BEGIN DATA

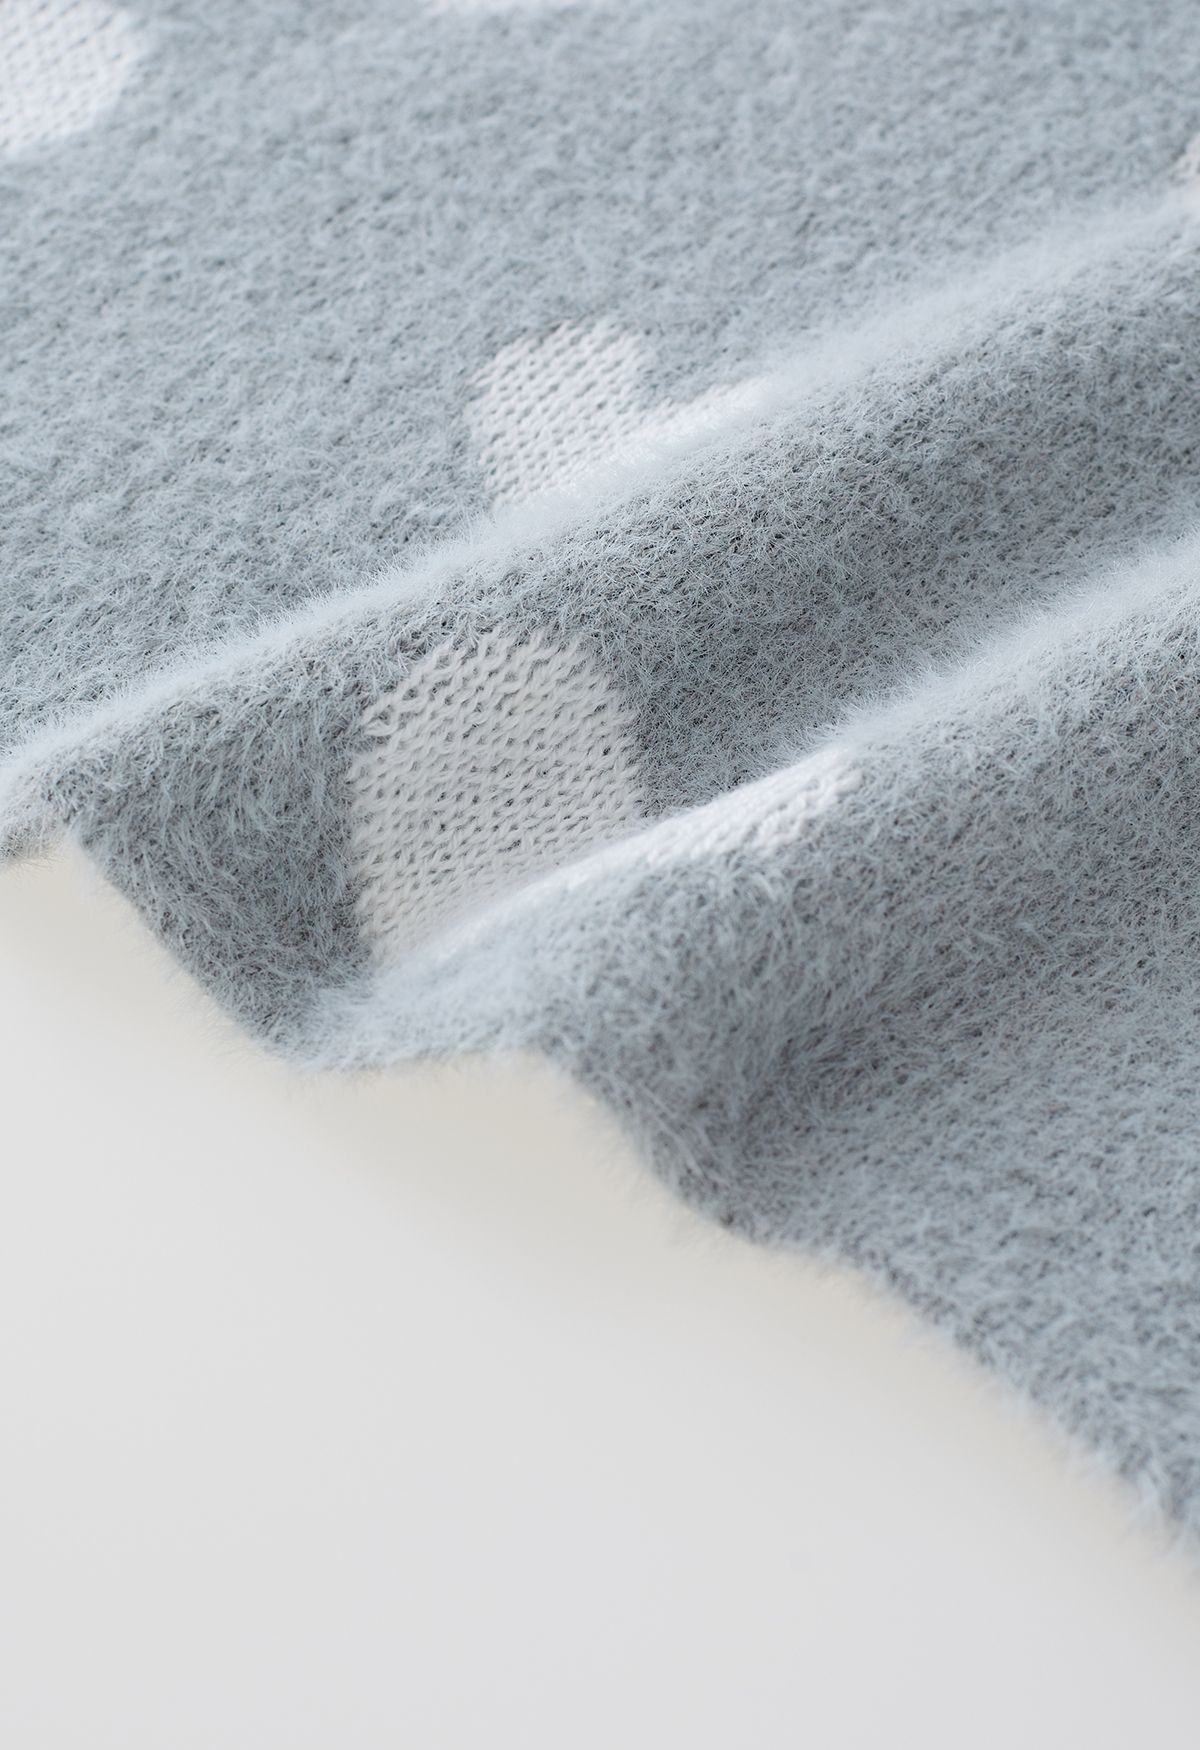 Fuzzy Contrast Heart Knit Sweater in Grey
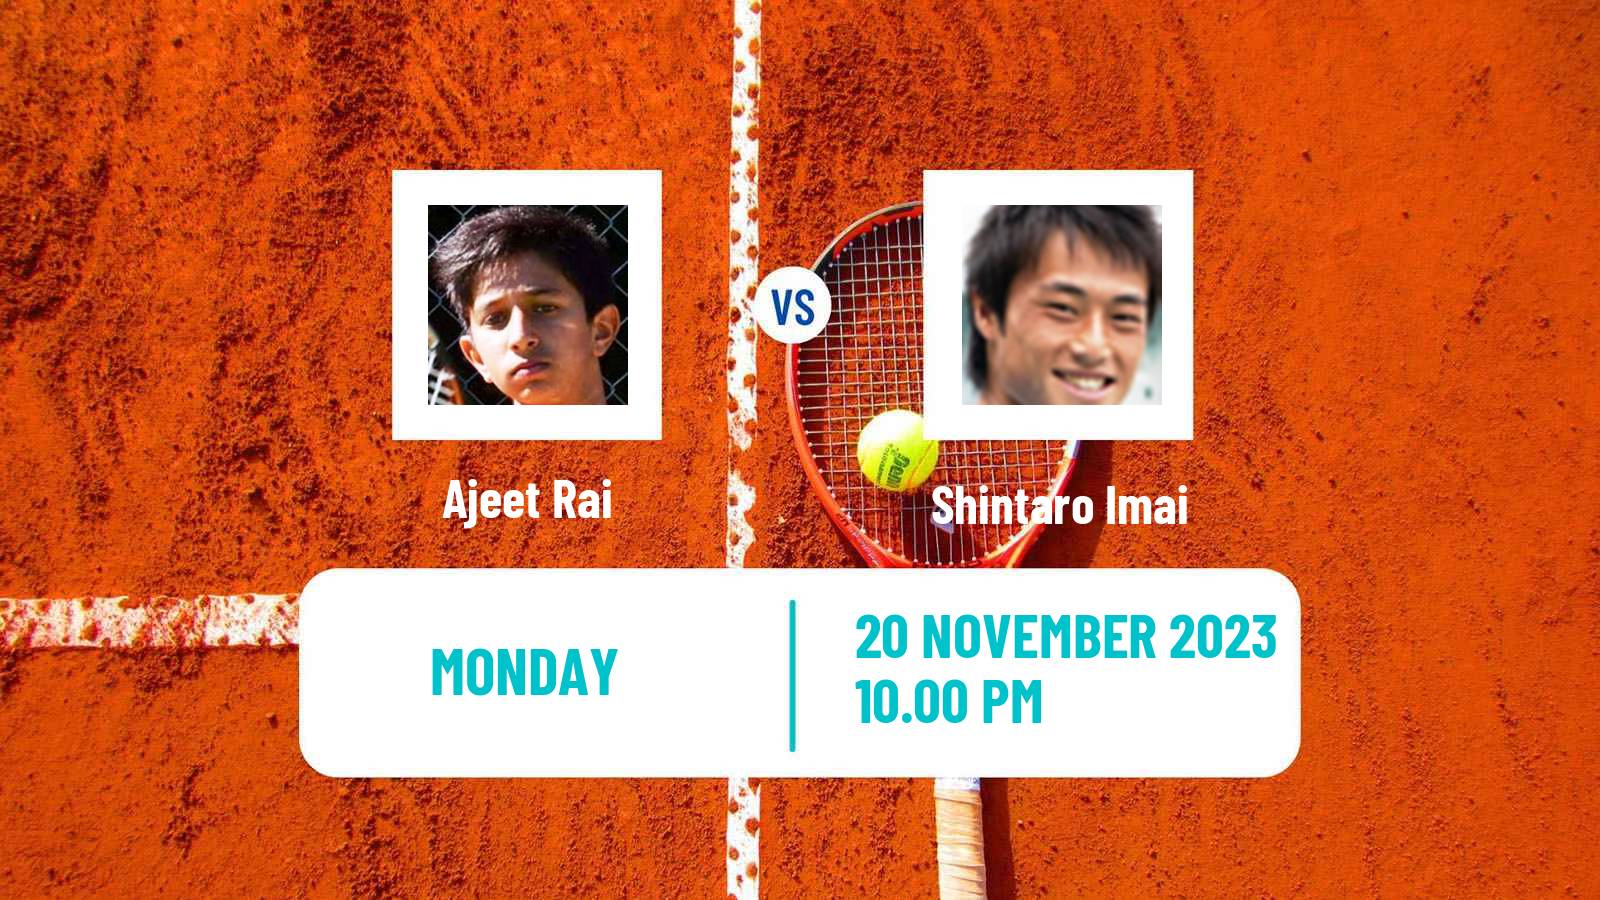 Tennis ITF M25 Brisbane Men 2023 Ajeet Rai - Shintaro Imai
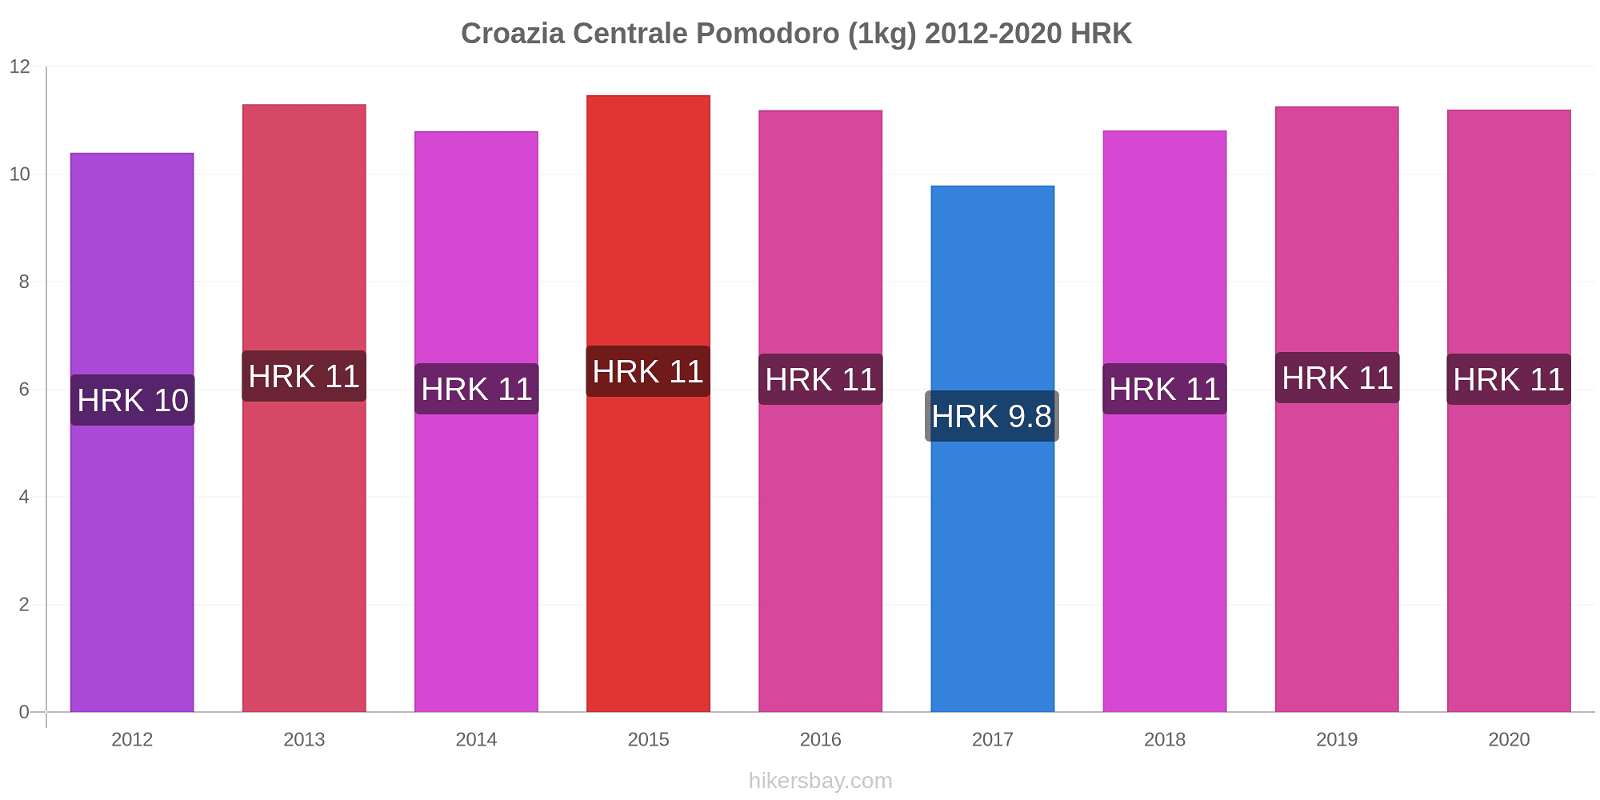 Croazia Centrale variazioni di prezzo Pomodoro (1kg) hikersbay.com
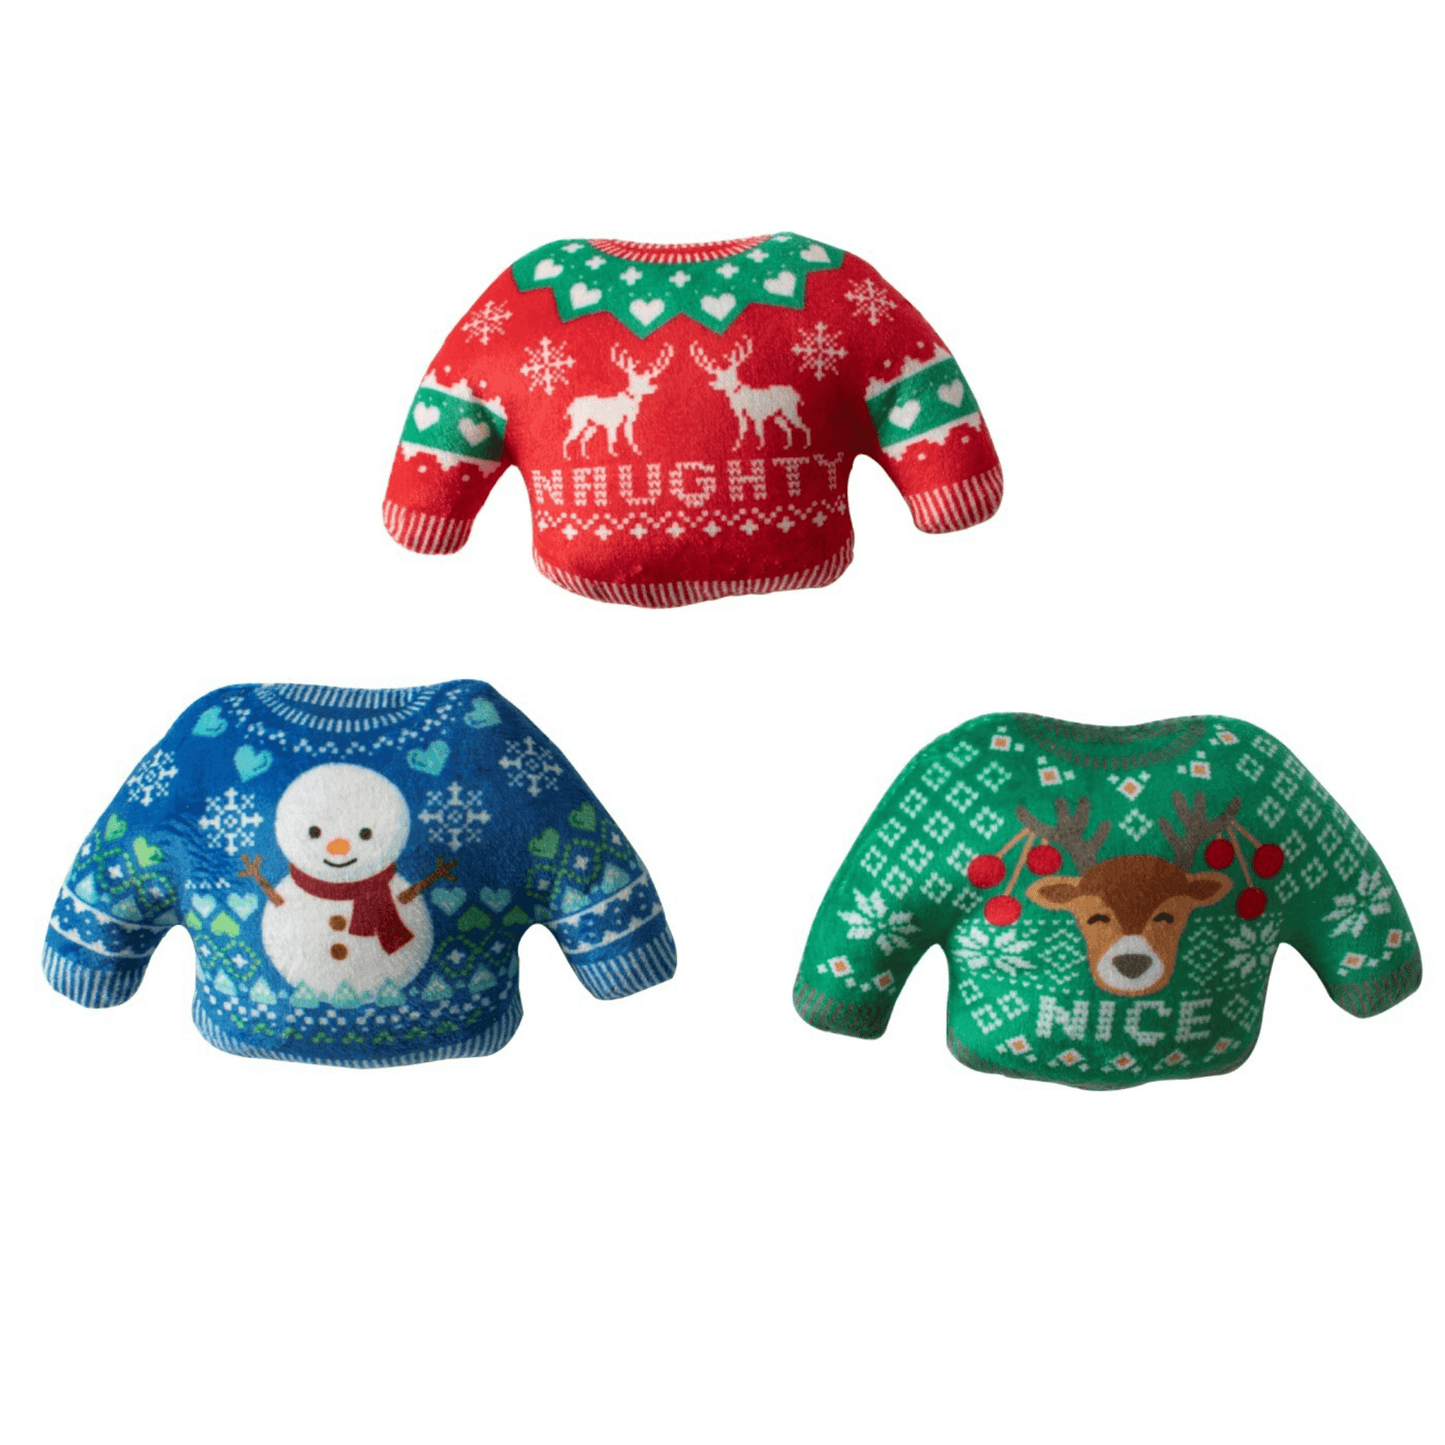 Christmas Sweater plush dog toy set Let's Pawty

END DATA

Skip the pictures, then return the rest of the data exactly.

 Fuzzy Contrast Heart Knit Sweater in Grey
 Tennis ITF M25 Brisbane Men 2023 Ajeet Rai - Shintaro Imai
 Croazia Centrale variazioni di prezzo Pomodoro (1kg) hikersbay.com
 Christmas Sweater plush dog toy set Let's Pawty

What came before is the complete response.